Though, apparently CSE1 is able to optimize some of these (& 0, | -1, ^ -1),
but not the others.
So another option is to handle & -1, | 0 and ^ 0 in CSE.

[Bug rtl-optimization/70467] Useless "and [esp],-1" emitted on AND with uint64_t variable

2016-03-31 Thread b7.10110111 at gmail dot com
https://gcc.gnu.org/bugzilla/show_bug.cgi?id=70467

--- Comment #4 from Ruslan  ---
(In reply to Jakub Jelinek from comment #3)
> ...
> nothing there is able to optimize & -1 (and similarly | or ^ 0, or & 0, or |
> -1).

Just a note: the same happens for arithmetic operations, not just bitwise. E.g.
if you change `v&=~(1ull<<63)` in the OP to `v+=1ull<<32`, GCC generates `add
dword [esp],0` followed by `adc dword [esp+4],1`.

[Bug rtl-optimization/70467] Useless "and [esp],-1" emitted on AND with uint64_t variable

2016-03-31 Thread jakub at gcc dot gnu.org
https://gcc.gnu.org/bugzilla/show_bug.cgi?id=70467

Jakub Jelinek  changed:

   What|Removed |Added

 Status|RESOLVED|REOPENED
 CC||jakub at gcc dot gnu.org
 Resolution|FIXED   |---

--- Comment #3 from Jakub Jelinek  ---
It is not fixed, try
-m32 -O2 -mno-sse.
I believe the issue is that we expand_binop DImode
op0 == target
(mem/c:DI (plus:SI (reg/f:SI 82 virtual-stack-vars)
(const_int -16 [0xfff0])) [0 MEM[(char *
{ref-all})]+0 S8 A128])
and op1
(const_int 9223372036854775807 [0x7fff])
which then expands this per subwords as two SImode expand_binops, but nothing
there is able to optimize & -1 (and similarly | or ^ 0, or & 0, or | -1).
And, combiner doesn't do anything, because it is a single insn that operates on
memory, so there is nothing to combine together.
So, IMHO expand_binop just should handle the easy cases.  I'll prepare a patch.
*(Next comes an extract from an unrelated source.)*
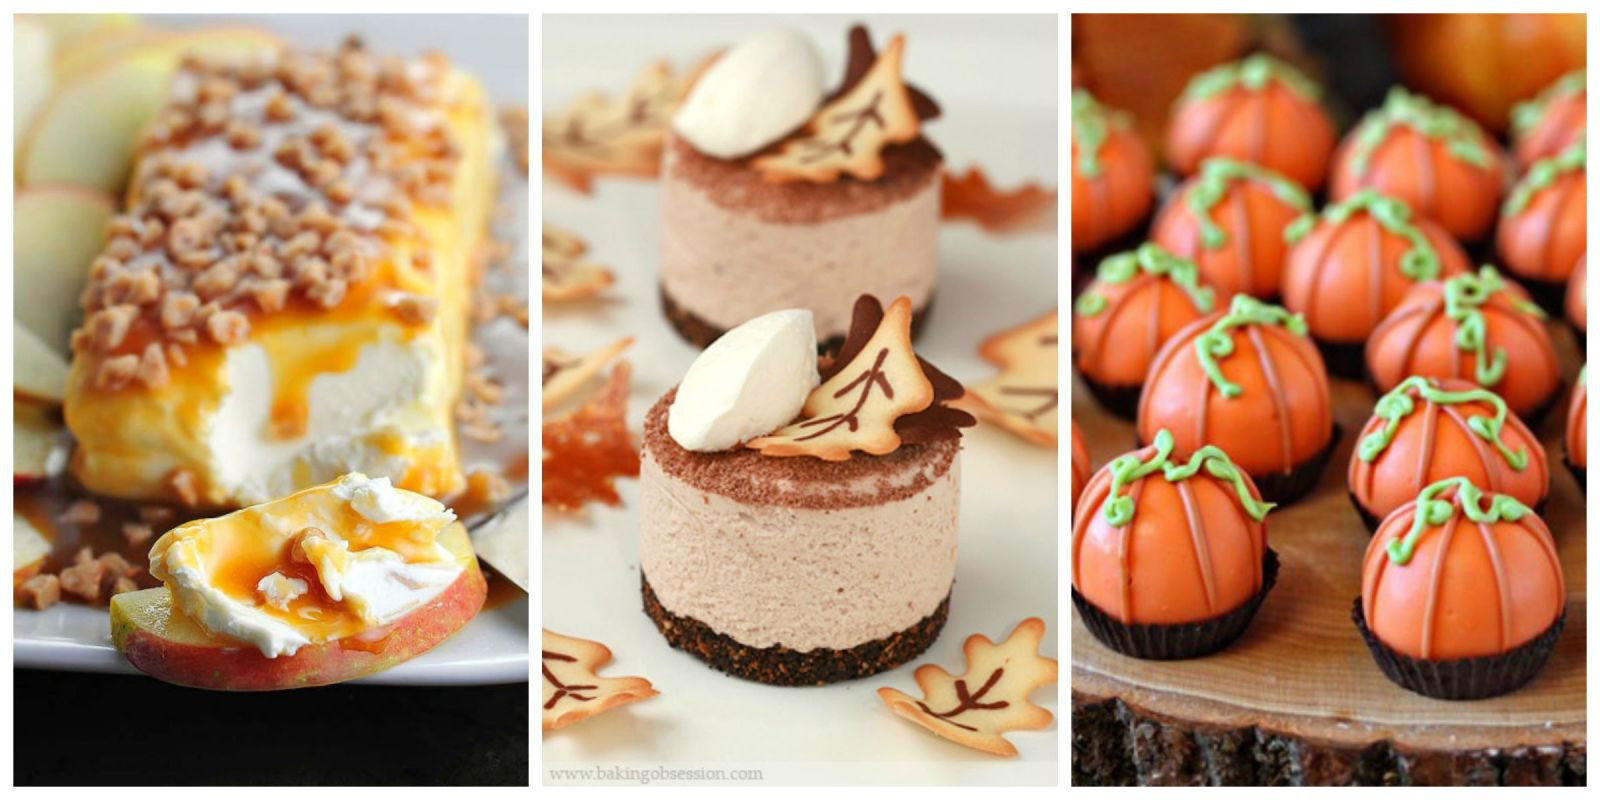 Easy Fall Desserts For A Crowd
 35 Easy Fall Dessert Recipes Best Treats for Autumn Parties

[Bug rtl-optimization/70467] Useless "and [esp],-1" emitted on AND with uint64_t variable

2016-03-31 Thread rguenth at gcc dot gnu.org
https://gcc.gnu.org/bugzilla/show_bug.cgi?id=70467

Richard Biener  changed:

   What|Removed |Added

 Status|NEW |RESOLVED
  Known to work||6.0
 Resolution|--- |FIXED

--- Comment #2 from Richard Biener  ---
Fixed in GCC 6 btw:

doStuff:
.LFB15:
.cfi_startproc
subl$28, %esp
.cfi_def_cfa_offset 32
calltest
fstpt   (%esp)
andl$2147483647, 4(%esp)
fldt(%esp)
addl$28, %esp
.cfi_def_cfa_offset 4
ret

[Bug rtl-optimization/70467] Useless "and [esp],-1" emitted on AND with uint64_t variable

2016-03-31 Thread rguenth at gcc dot gnu.org
https://gcc.gnu.org/bugzilla/show_bug.cgi?id=70467

Richard Biener  changed:

   What|Removed |Added

   Keywords||missed-optimization
 Target||i?86-*-*
 Status|UNCONFIRMED |NEW
   Last reconfirmed||2016-03-31
 Ever confirmed|0   |1

--- Comment #1 from Richard Biener  ---
can't reproduce with sth simpler.  But confirmed, with plain -O2 -m32. 
Probably
to do with splitting wide types (or not doing that in this case).